Ill be back with my conditioners and mixes.


----------



## assiyrabomb (Jan 2, 2012)

I want to join!

Below are my conditioners:

Protein:
Creme of Nature Argan oil Intensive Con
Miss Keys 10 en 1
Olive Oil Replenishing Pack

Moisture:
Neutrogena Triple Moisture Deep Con
Aussie 3 Min Deeeep Con

I'll deep condition once a week under a hooded dryer.


----------



## Ebonybunny (Jan 2, 2012)

If its not too late, I'd like to join  My hair is NL , Natural 4b. I deep condition with either Giovanni Smooth as Silk or Lustrasilk Cholesterol Shea Con. I use Aphogee's 2 min recon on my hair 2x a month , and follow it with a moisturizing DC .


----------



## silentdove13 (Jan 2, 2012)

I love this challenge. when I focused and was consistent boy did my hair love it and grow.

I plan to dc once a week with no heat for an hour.
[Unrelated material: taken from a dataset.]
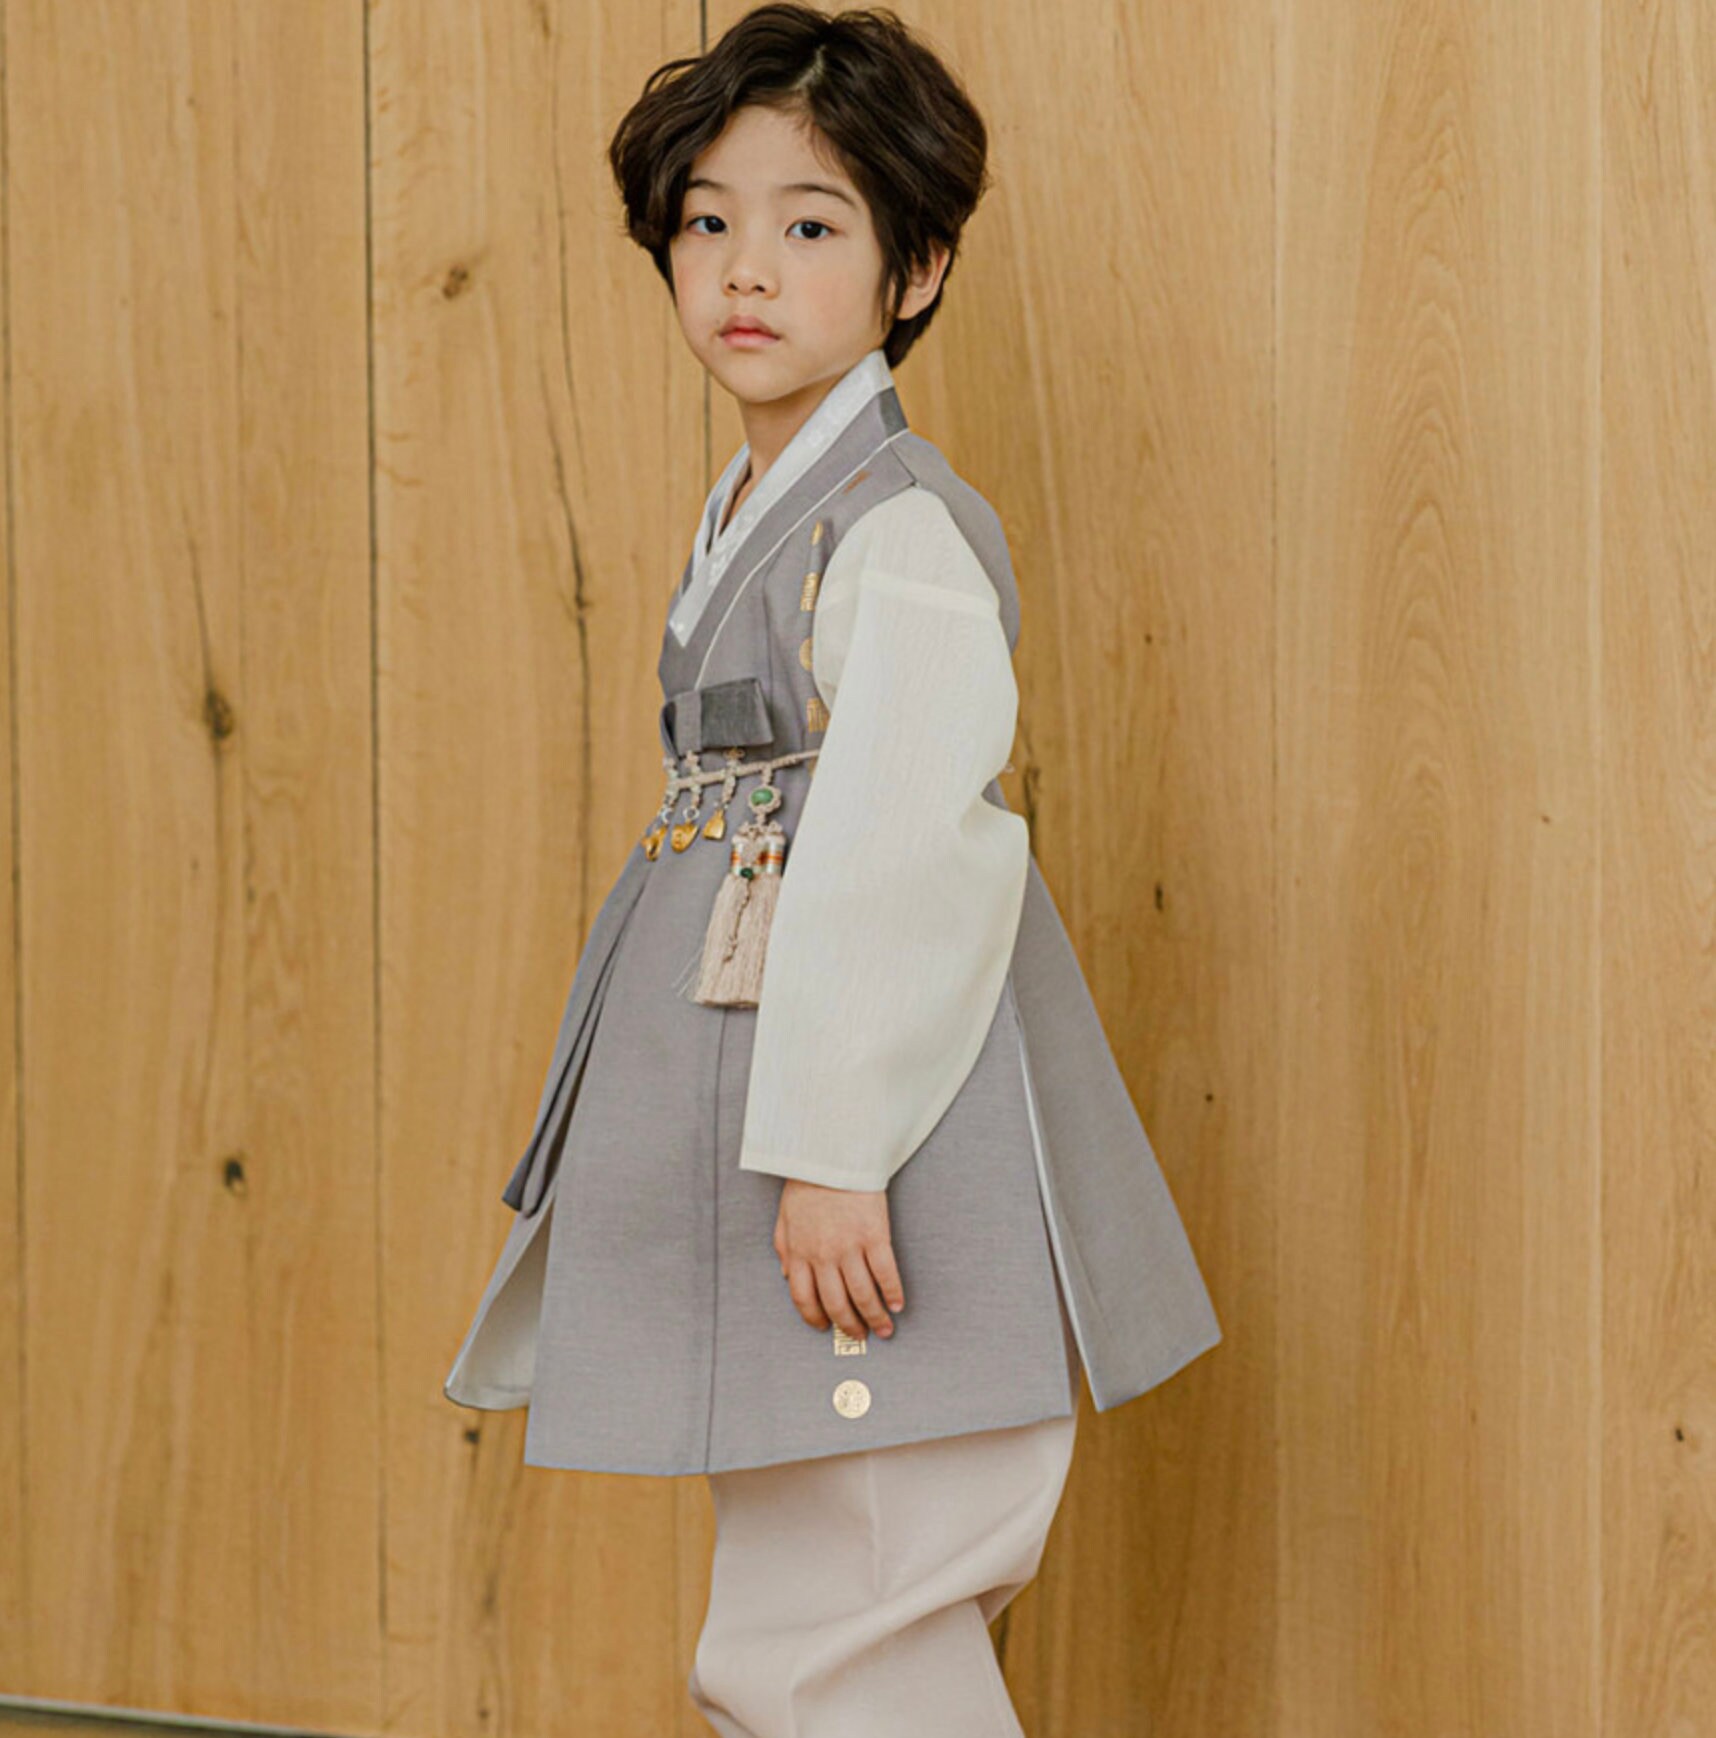  Hanbok - Gorro para niño (1 a 3 edades), color beige

I plan to use the henna packs I still have and go shopping for something else later.


----------



## 13StepsAhead (Jan 2, 2012)

My name is already n the list  i will be DCing 1-2xs a week alternating between moisture and protein depending on what my hair needs.


----------



## Nix08 (Jan 2, 2012)

DC'ing now with avg, oil treatment from last night (avocado, olive and wgo) and AO WC.  First with a shower cap for 30 min, then under the steamer for 10 -15min.  I will then spritz with rose water and saa and cover again for up to 30 minutes......that should be delightful enough


----------



## bajandoc86 (Jan 2, 2012)

I did a protein DC with AOGPB and SD Shea What.  I'm going to order some more AOGPB right nah.


----------



## NappyNelle (Jan 2, 2012)

Steaming with AO GPB; then I'm going to do my workout with the conditioner still baggied on my hair. I will probably follow up with HSR. LOL I'm trying to start the year off right with extra pampering.


----------



## B_Phlyy (Jan 2, 2012)

I'm in. I'll be DCing twice a week. Right now I'm rotating Queen Helene Cholesterol and ORS Olive Oil Paks.


----------



## bajandoc86 (Jan 2, 2012)

I'm back under the steamer with Jasmine's A&S DC in caribbean coconut. I had totally forgotten about this one until I was listing my products to use for this challenge.


----------



## Diva_Esq (Jan 2, 2012)

halee_J: I want in, please! I either overnight DC using hot towels and body heat or I use my hooded dryer with one of these conditioners: Joico Moisture Recovery Balm, Elucence Moisture Balance.  I plan to try some other new DCs too.

Thanks!!!


----------



## Poranges (Jan 2, 2012)

DC'd for 1.5 hrs with Silk Dreams Shea What


----------



## JustGROWwithIt (Jan 2, 2012)

I two strand twisted my hair last night. Took forever! I had to keep stopping and also I did them smaller than usual. I am hoping to keep them in for 2 weeks and redo them for another 2 weeks after that and hopefully get close to an inch of growth in those 4 weeks. We'll see how they hold up! I'll be GHE'ing every night and M&S'ing nightly along with applying MT and Beemine sulfer serum mix to my scalp every other night and massaging. And I will do a weekly wash and DC and a mid-week co wash with MT.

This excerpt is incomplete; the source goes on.